• Work required
Where a picture appears, leave it out, and transcribe all the lines below exactly.

• Given data
==*==

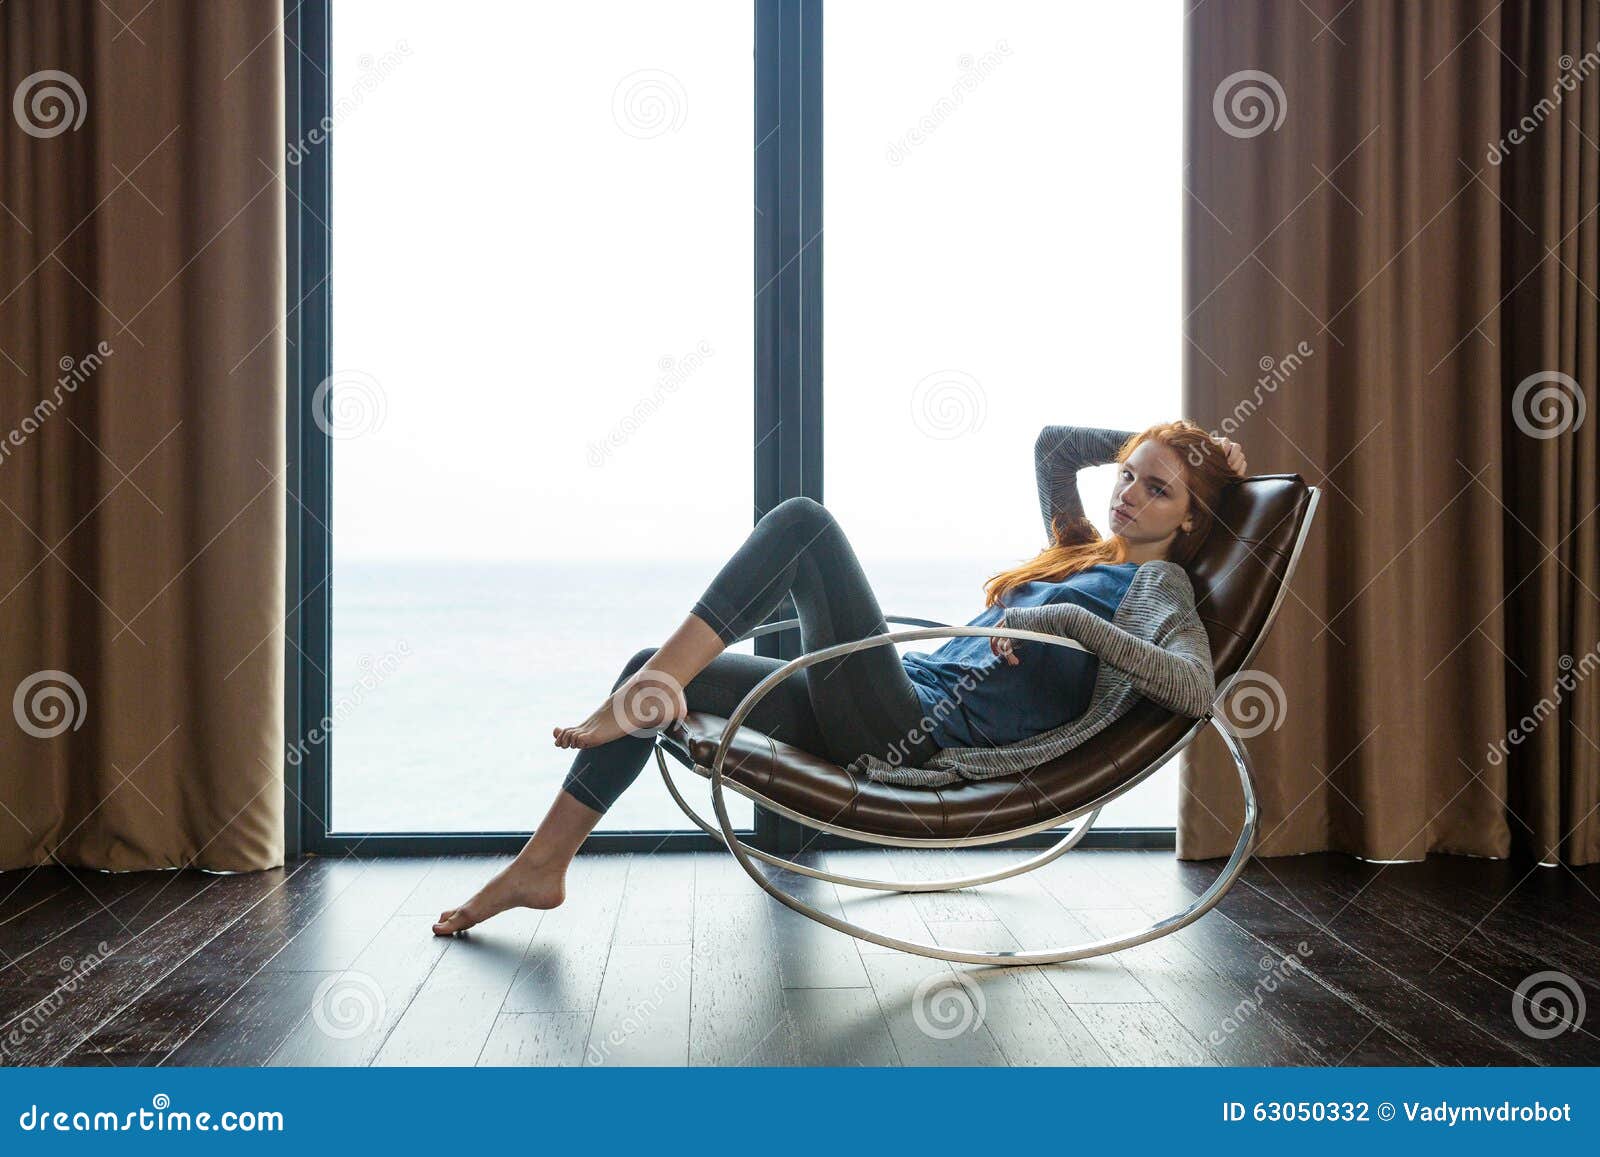 redhead woman sitting on rocking chair
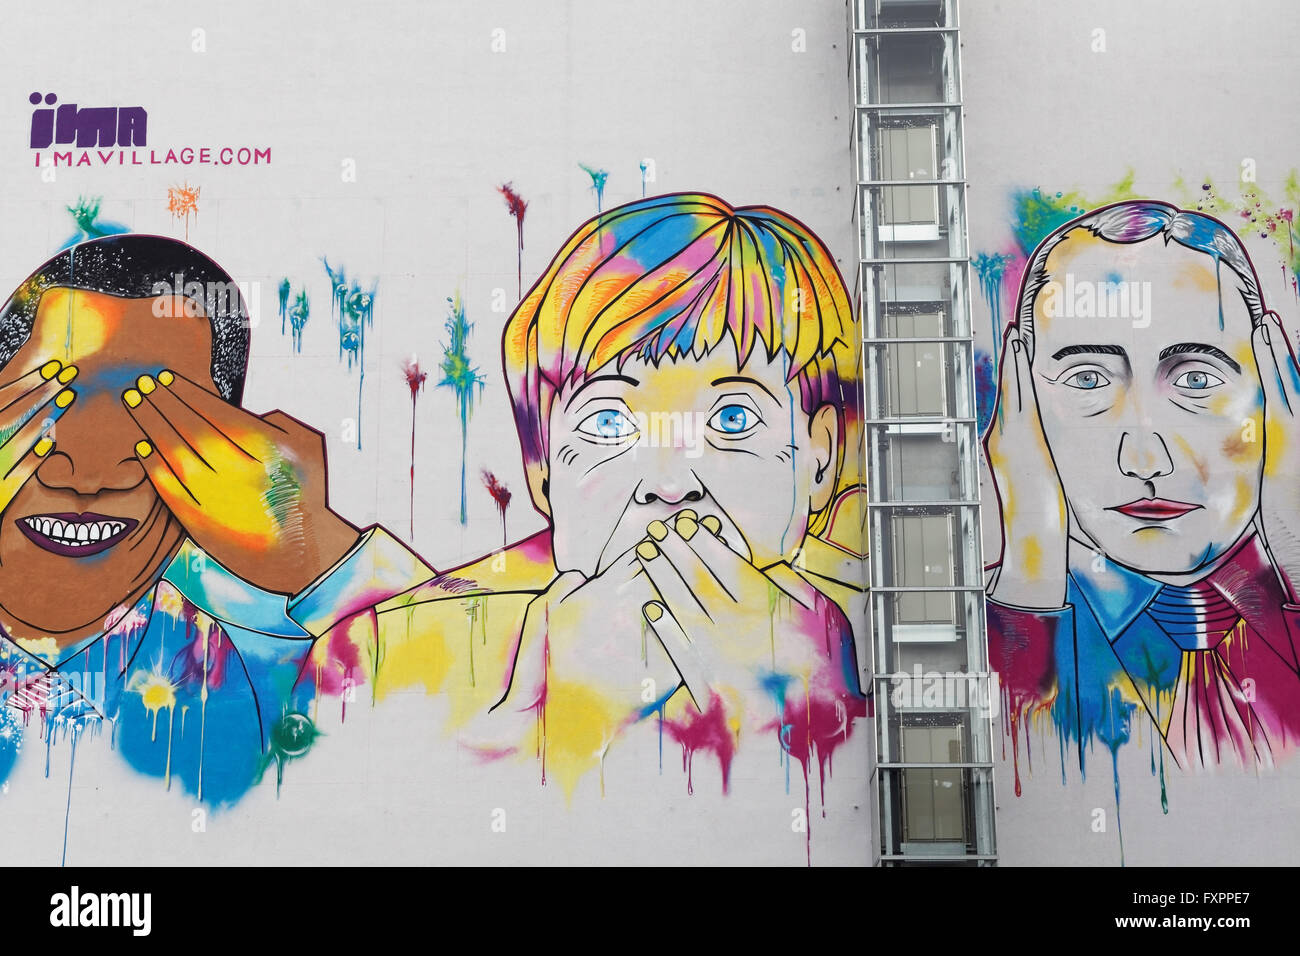 Obama-Merkel-Putin, Graffiti, Berlin, Germany Stock Photo
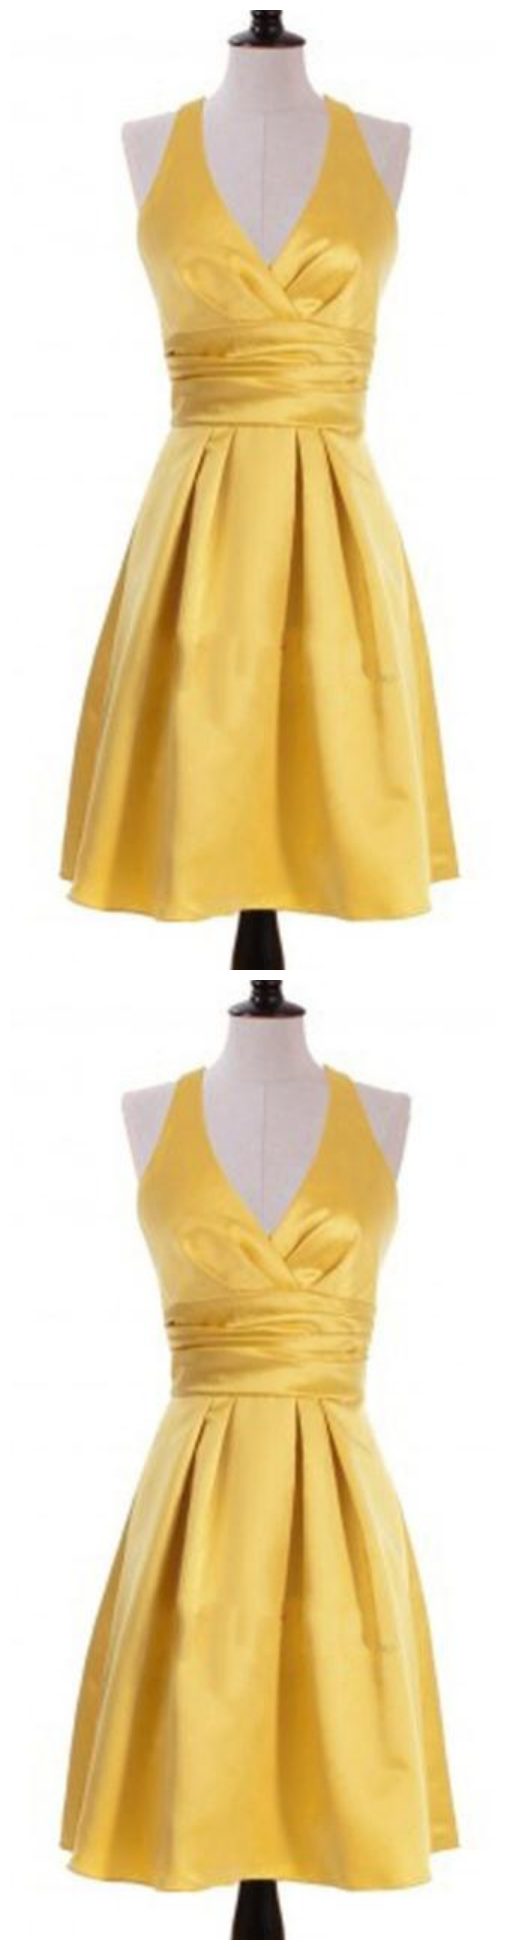 Yellow Halter Cross Back Short Homecoming Dresses A Line Prom Dresses

==*==

• Written response
 redhead woman sitting on rocking chair
 Obama-Merkel-Putin, Graffiti, Berlin, Germany Stock Photo
 Yellow Halter Cross Back Short Homecoming Dresses A Line Prom Dresses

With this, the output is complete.